═════ Given information ═════

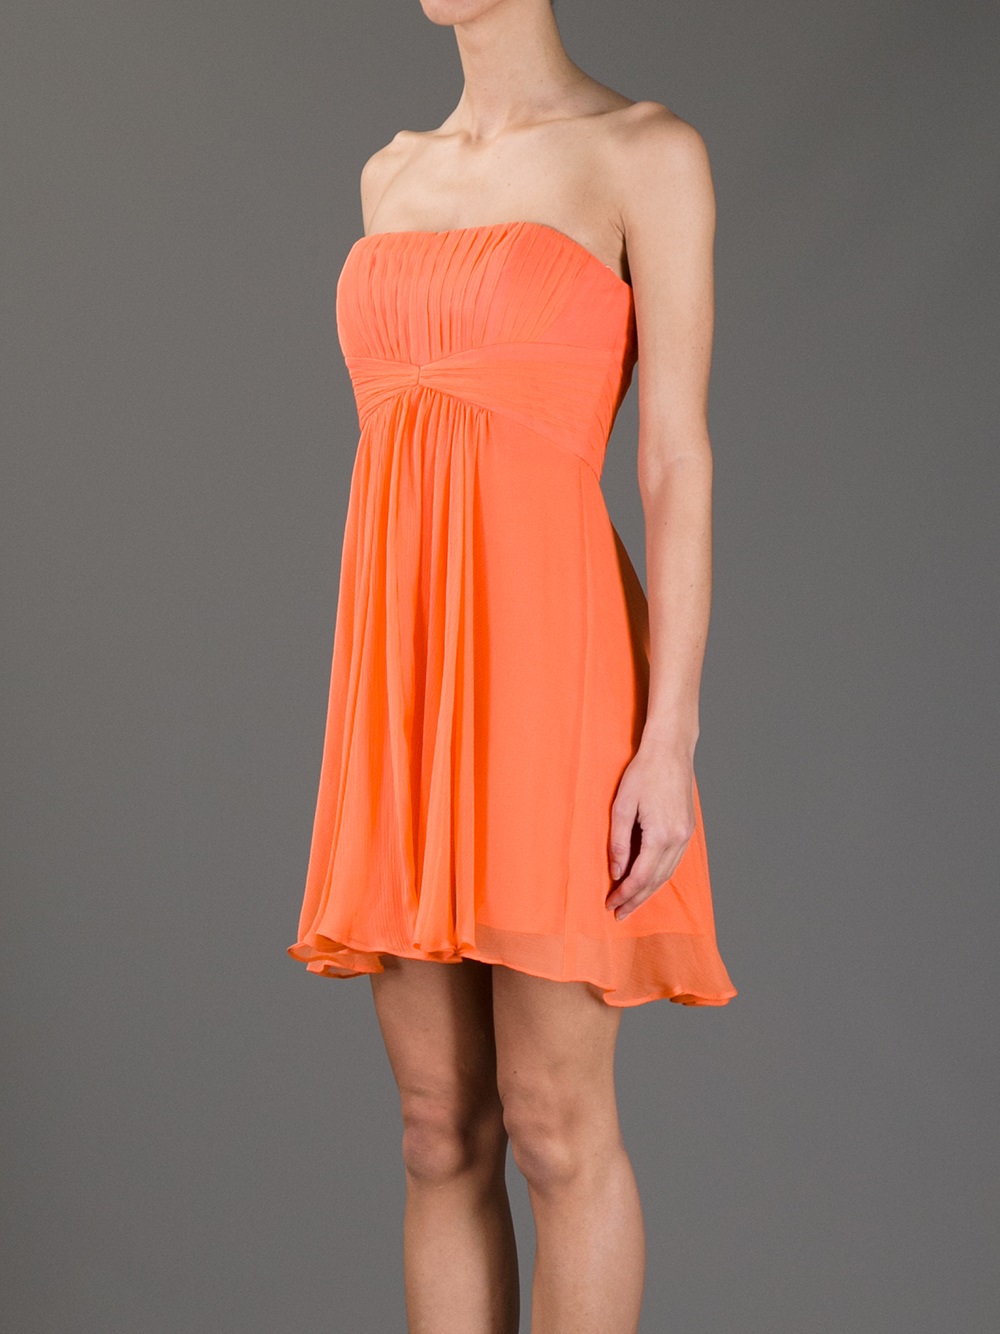 Lyst - Bcbgmaxazria Strapless Pleated Dress in Orange
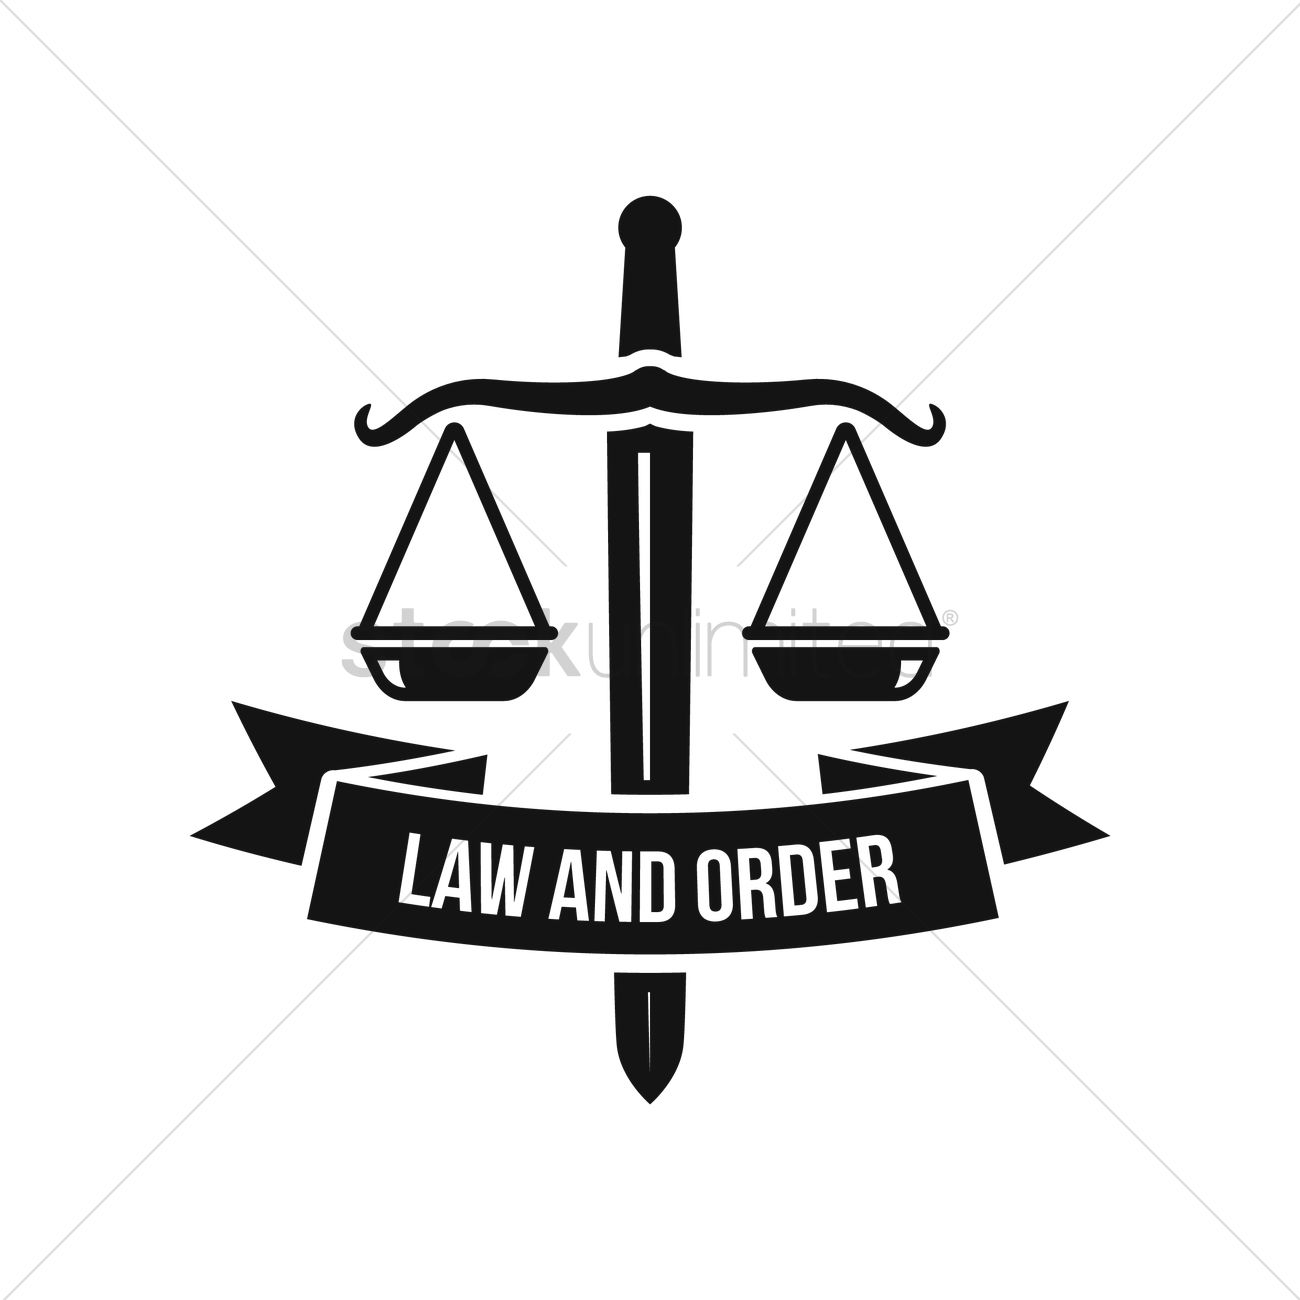 Закон этикетки. Закон и порядок эмблема. Закон стикер. Ордер логотип. Закон и порядок рисунок.
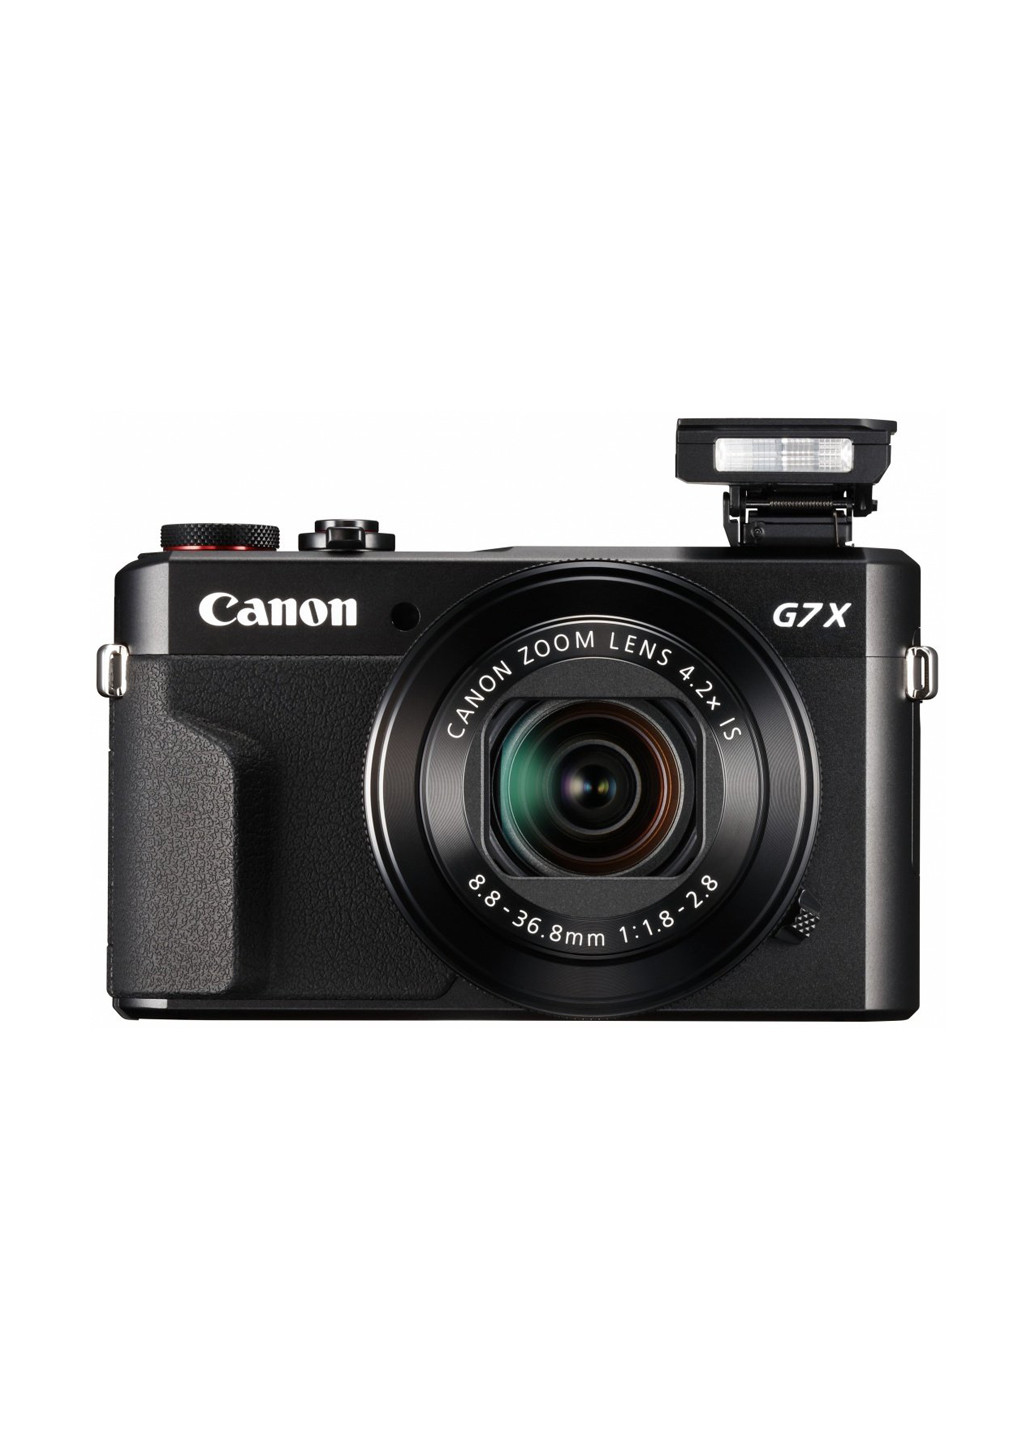 Компактная фотокамера Canon powershot g7 x mark ii c wifi (130567462)

═════

Problem details
Output the listing above exactly as it stands; no picture should appear.

Solved problem
 Lyst - Bcbgmaxazria Strapless Pleated Dress in Orange
 Закон этикетки. Закон и порядок эмблема. Закон стикер. Ордер логотип. Закон и порядок рисунок.
 Компактная фотокамера Canon powershot g7 x mark ii c wifi (130567462)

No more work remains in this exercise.